Jorge (Ramos) is a wheeling-dealing 17-year-old in Mexico City who claims to be a good boy but secretly preys on tourists. When his 13-year-old sister Adriana (Gaitan) goes missing, he learns that she's being trafficked to New Jersey to be auctioned to the highest bidder. So he goes after her. Things get tricky on the US border when he runs into, Ray (Kline), a police officer. But Ray is haunted by his own missing daughter, so he decides to drive Jorge to New Jersey.
To call this plot contrived is an understatement. It's so riddled with contrivances and coincidences that it feels like a rushed attempt to string together a story that says everything possible about human trafficking. Even a basic reworking of the narrative would have given it a bit more believability. As a result, characters are simplistic, messages are pushy and everything ultimately feels badly cliched.

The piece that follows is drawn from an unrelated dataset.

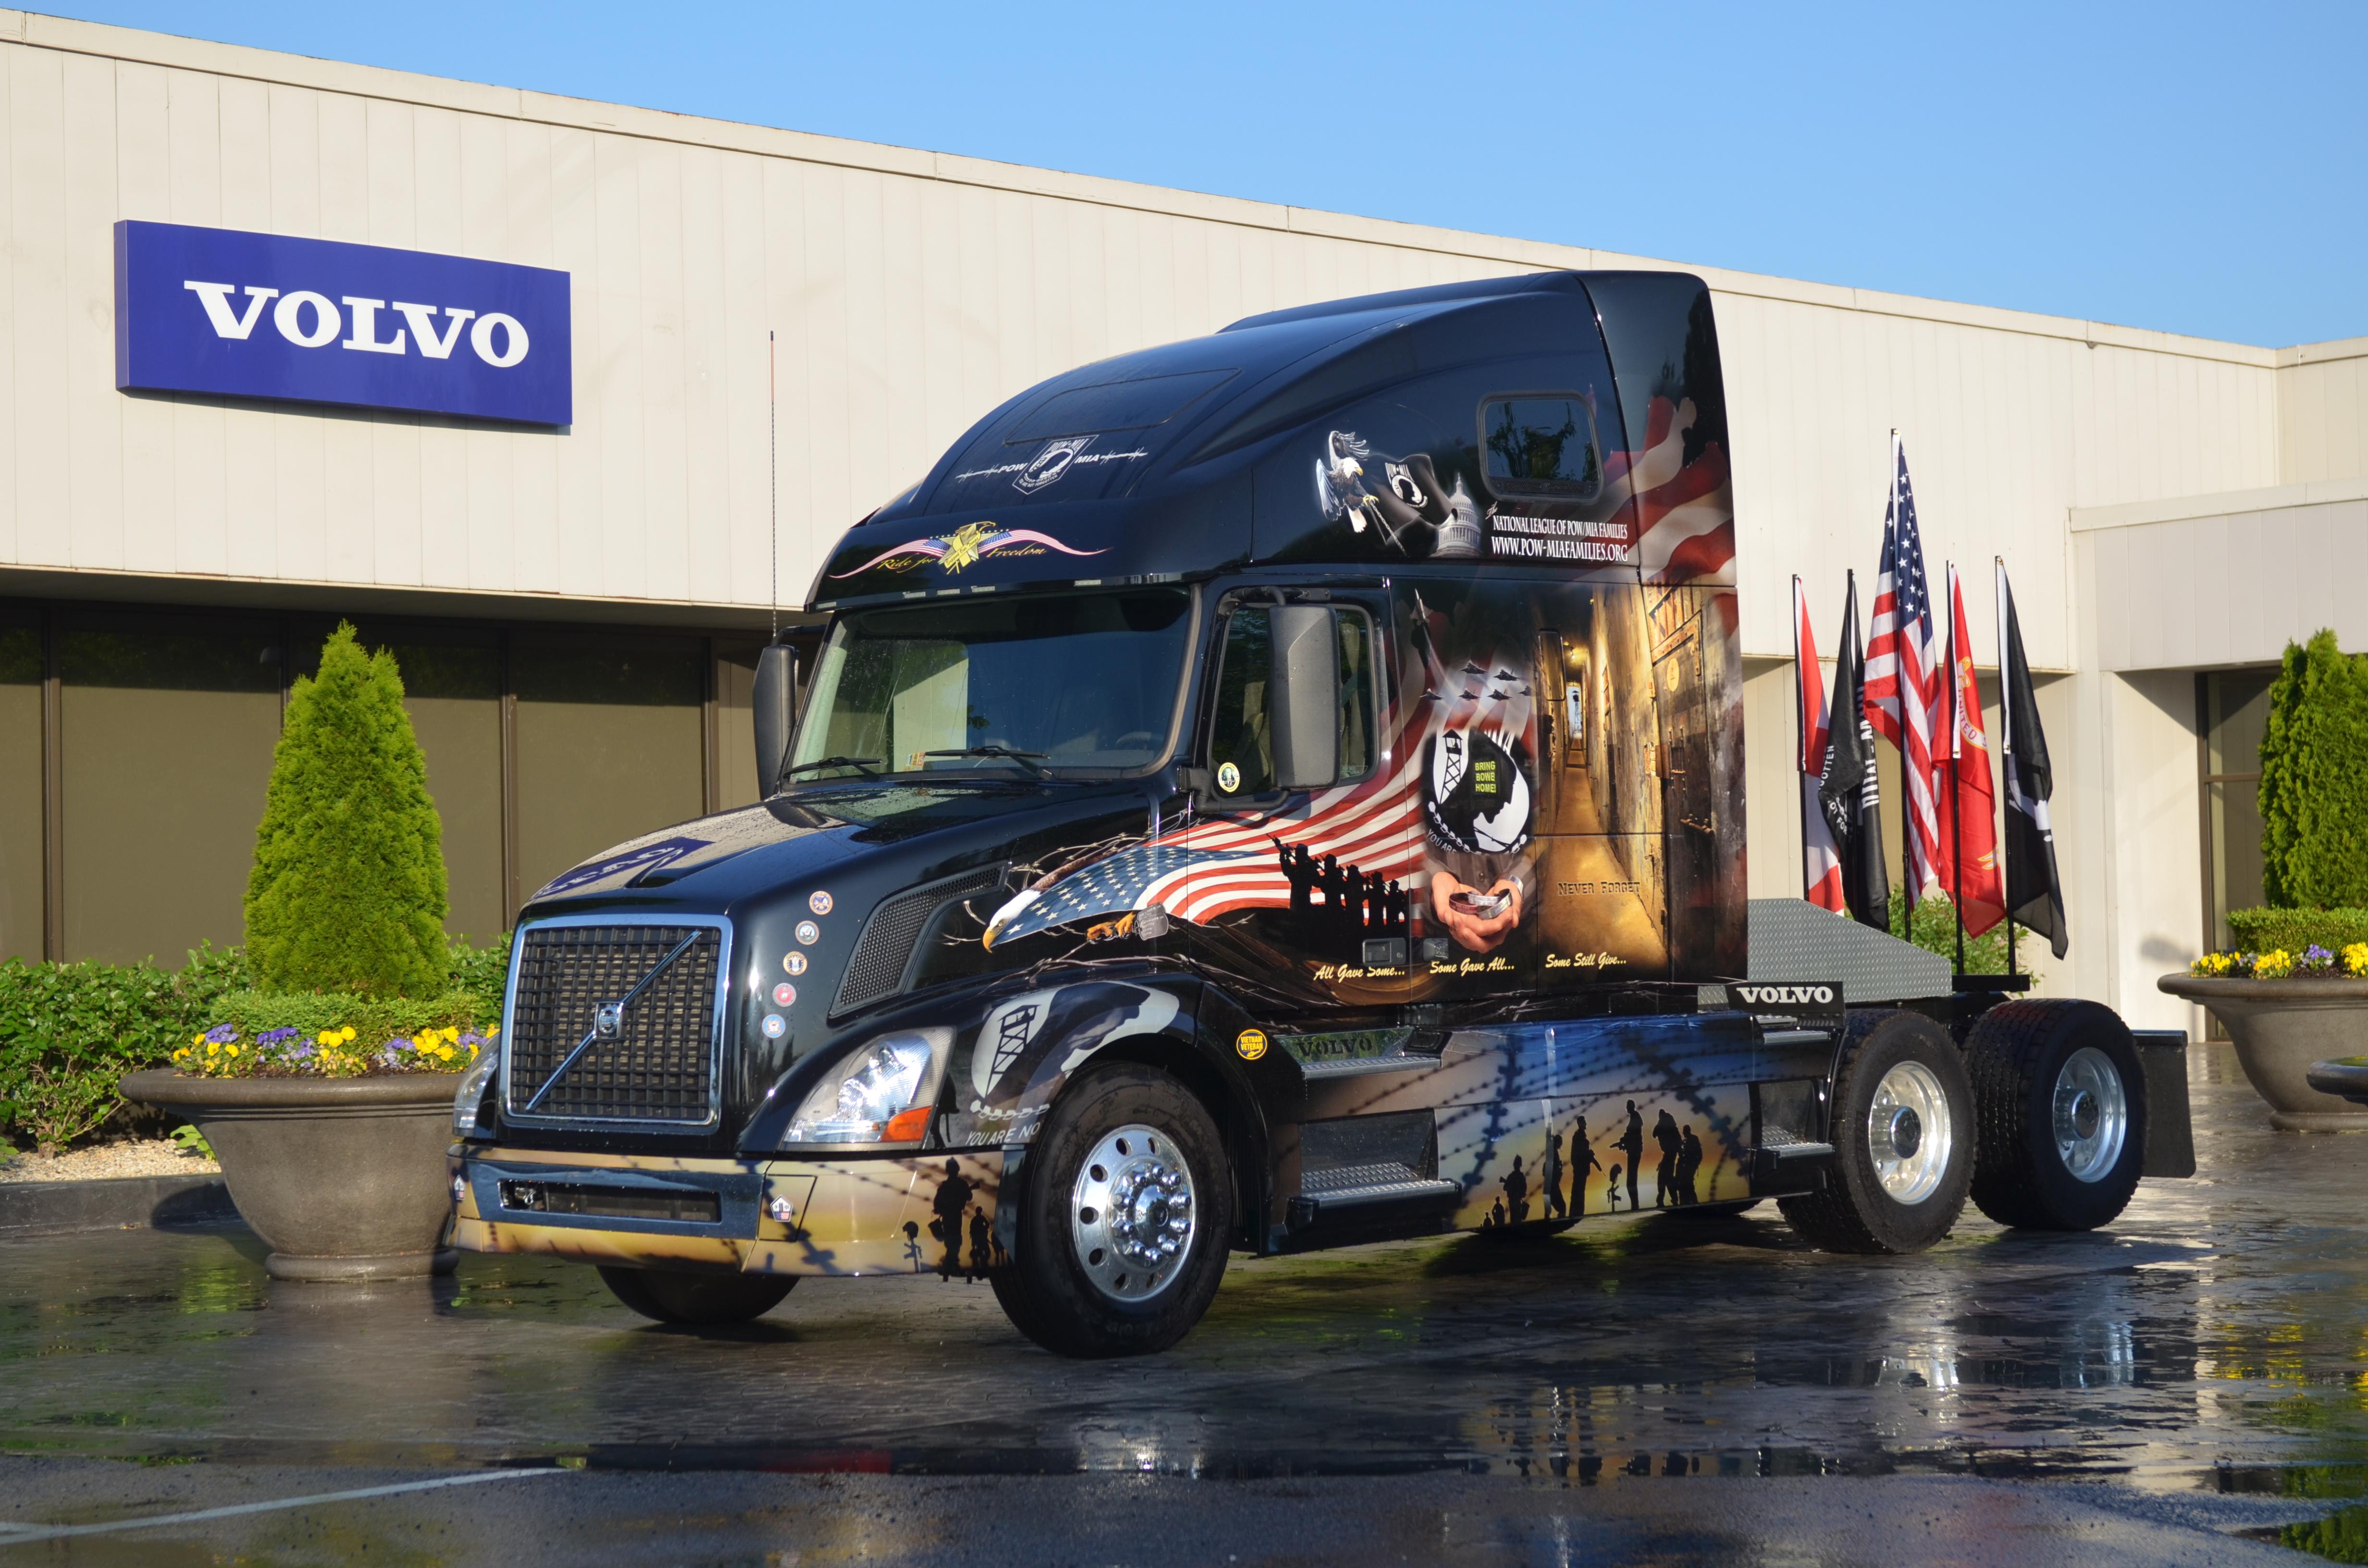 Custom Volvo Truck 4k Ultra HD Wallpaper And Background Image

That said, director Kreuzpaintner develops a vivid visual style, nicely capturing the changing landscape and drawing out engaging performances. Ramos is a little flat in the central role, but develops strong chemistry with Kline, while Gaitan has her own quiet connection with Bachleda, as a young Polish mother also caught in the web of forced prostitution. The villains, on the other hand, are uncomplicated snarling, spitting monsters, most prominently Perez as the guy escorting his "cargo" across the continent.

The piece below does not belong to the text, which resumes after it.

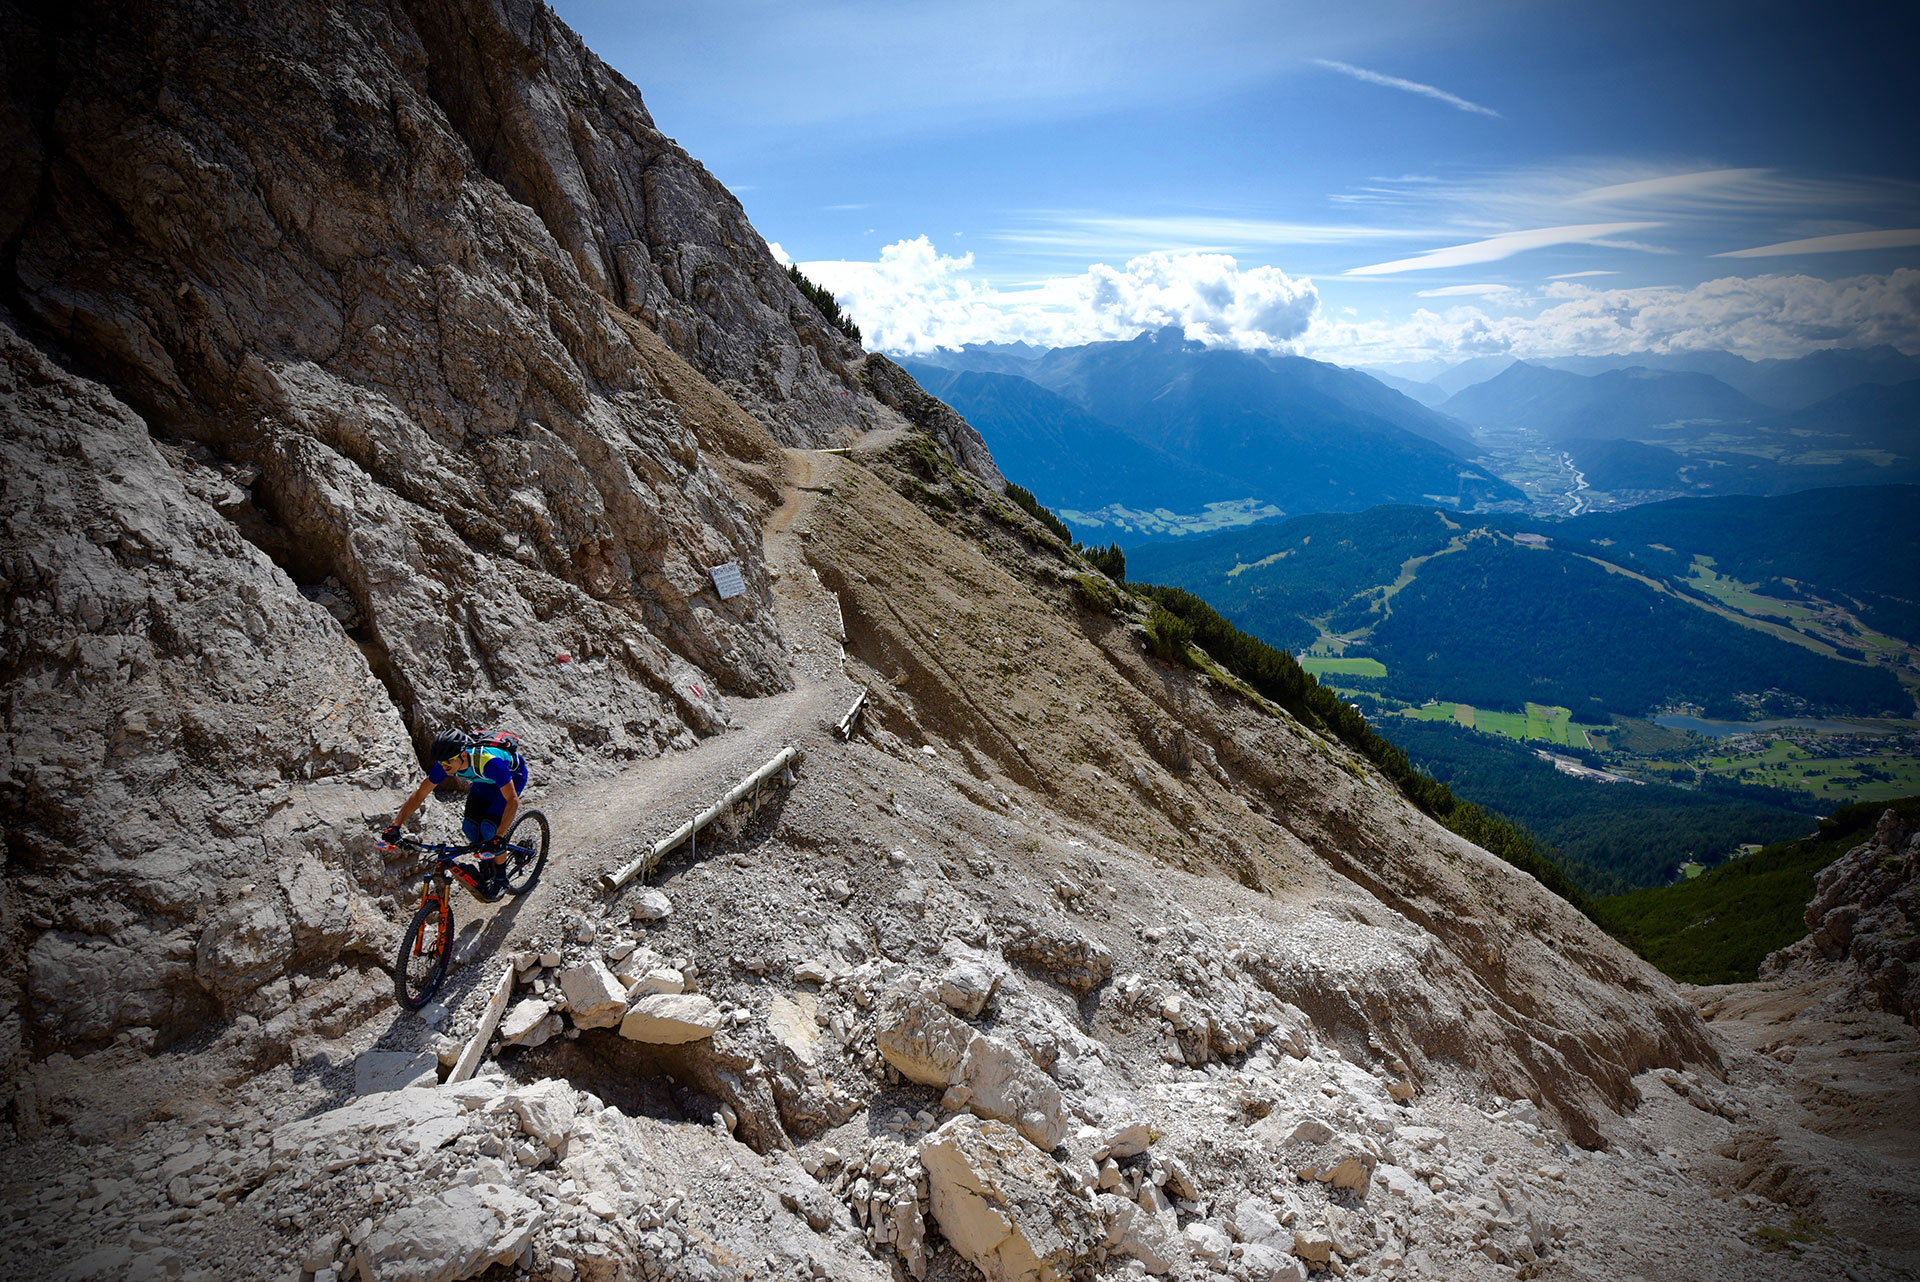 """All-Mountain"" prend ici tout son sens ! © Claus Wachsmann"

As the film slips into a road movie, it becomes a bit more interesting, even though the dialog and pacing never quite match up. The filmmakers force the emotional and political themes every chance they get. But the issue itself is strong enough to generate all the resonance and righteous outrage without such corny moralising. And in the end, it all feels so constructed that even important side comments (such as how the cops are more concerned about following the money trail than rescuing the victims) fall through the cracks.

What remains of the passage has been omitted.